We address these questions with an empirical data set focused on the New World chickadees (Aves: Paridae) composed of 40 anonymous nuclear sequence loci and mitochondrial DNA (mtDNA) sequences. The seven congeneric species of chickadees (Poecile atricapillus, Poecile rufescens, Poecile cinctus, Poecile hudsonicus, Poecile carolinensis, Poecile sclateri, and Poecile gambeli) are an analytically tractable group with which to explore species tree inference owing to their modest species diversity and relatively recent divergence and large population size. The phylogenetic relationships of Poecile are of general interest because the clade is used widely in ecological and behavioral research (e.g., Chaplin 1974; Healy and Krebs 1996; Gould et al. 2001; Hill et al. 1980; Olson et al. 2010), making an understanding of its evolutionary history important for comparative analyses.
The most robust previous phylogenetic hypotheses for the chickadees used mtDNA to determine that Poecile includes two well-defined groups: ([hudsonicus, rufescens], cinctus) and (atricapillus, gambeli) (Gill et al. 2005; see also Johansson et al. 2013). However, the relationships among these groups relative to each other and the two remaining species, P. carolinensis and P. sclateri, were poorly resolved (Gill et al. 2005). One surprising result was that the morphologically similar species P. atricapillus and P. carolinensis were not sister taxa. Rather, the more morphologically and behaviorally divergent species P. atricapillus and P. gambeli were sister in the mtDNA tree, a relationship consistent with previous reconstructions based on mtDNA restriction site character matrices (Gill et al. 1993).

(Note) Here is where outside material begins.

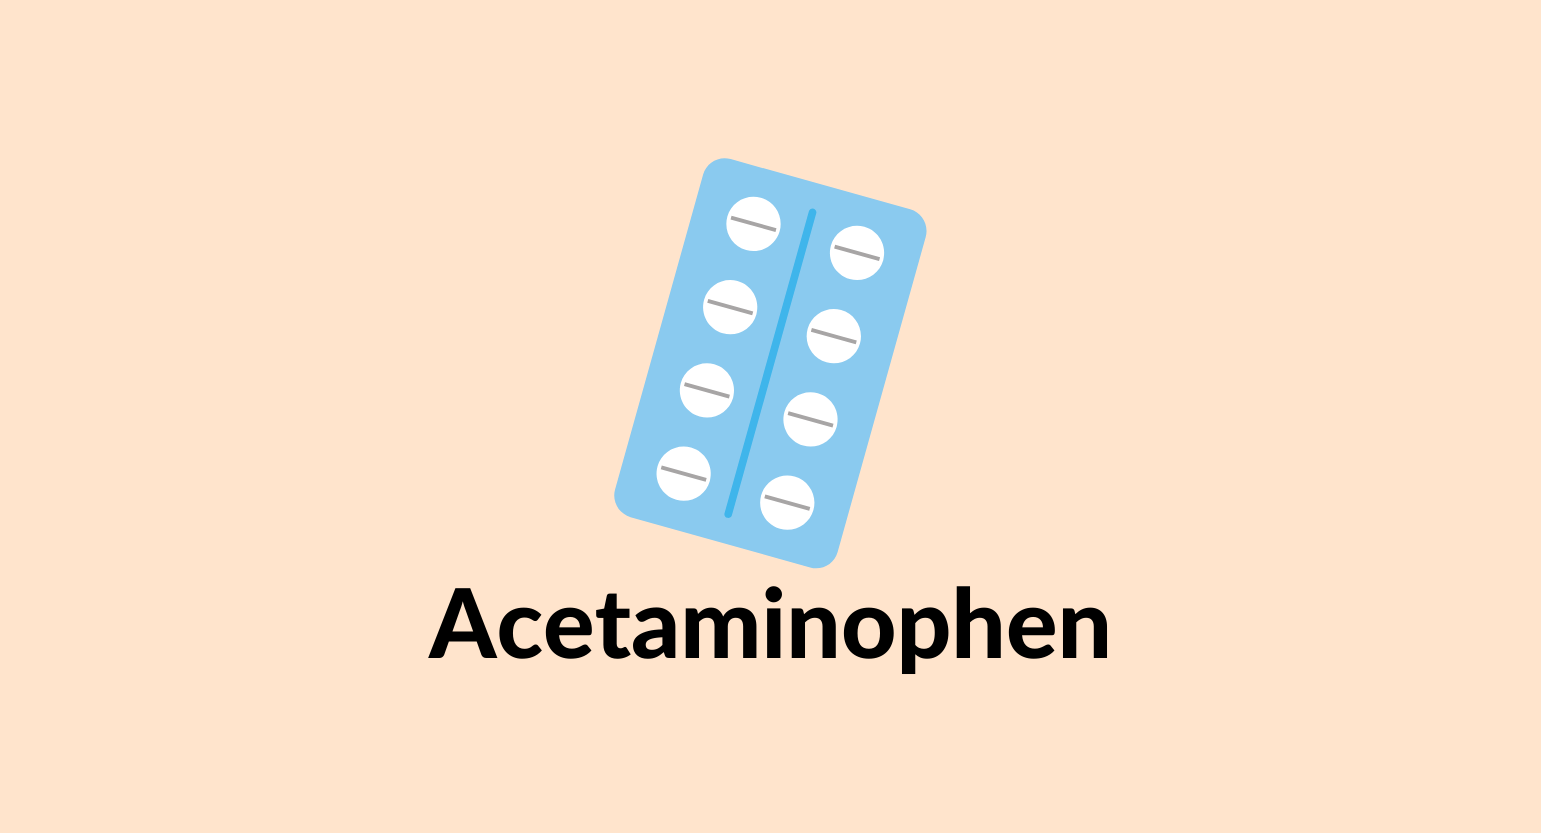 Acetaminophen illustration

In this study, we also test for evidence of gene flow between three Poecile species known to hybridize: P. atricapillus, P. gambeli, and P. carolinensis. Poecile atricapillus and P. carolinensis have long been known to hybridize along an extensive zone of contact in eastern North America (Robbins et al. 1986; Bronson et al. 2001; Reudink et al. 2007). Poecile atricapillus and P. gambeli occasionally hybridize in the mountains of western North America (Curry 2005). Gene flow among species is a potential source of gene tree discordance (Slatkin and Maddison 1989; Maddison 1997). The difficulty of distinguishing instances of incongruence stemming from ILS or gene flow has impeded the development of phylogenetic methods that can accommodate both the processes simultaneously (but see Kubatko 2009; Yu et al. 2012), yet failing to account for gene flow during species tree estimation effects parameter estimation (Leaché et al. 2013). Here, we test if gene flow influences species tree estimation even when species sampling is specifically designed to decrease the signal of hybridization. Sampling species from distant populations may help mitigate potentially confounding affects of gene flow. However, it is especially important to measure gene flow in this group, as it is a potential source of conflict between the nuclear and mitochondrial gene trees.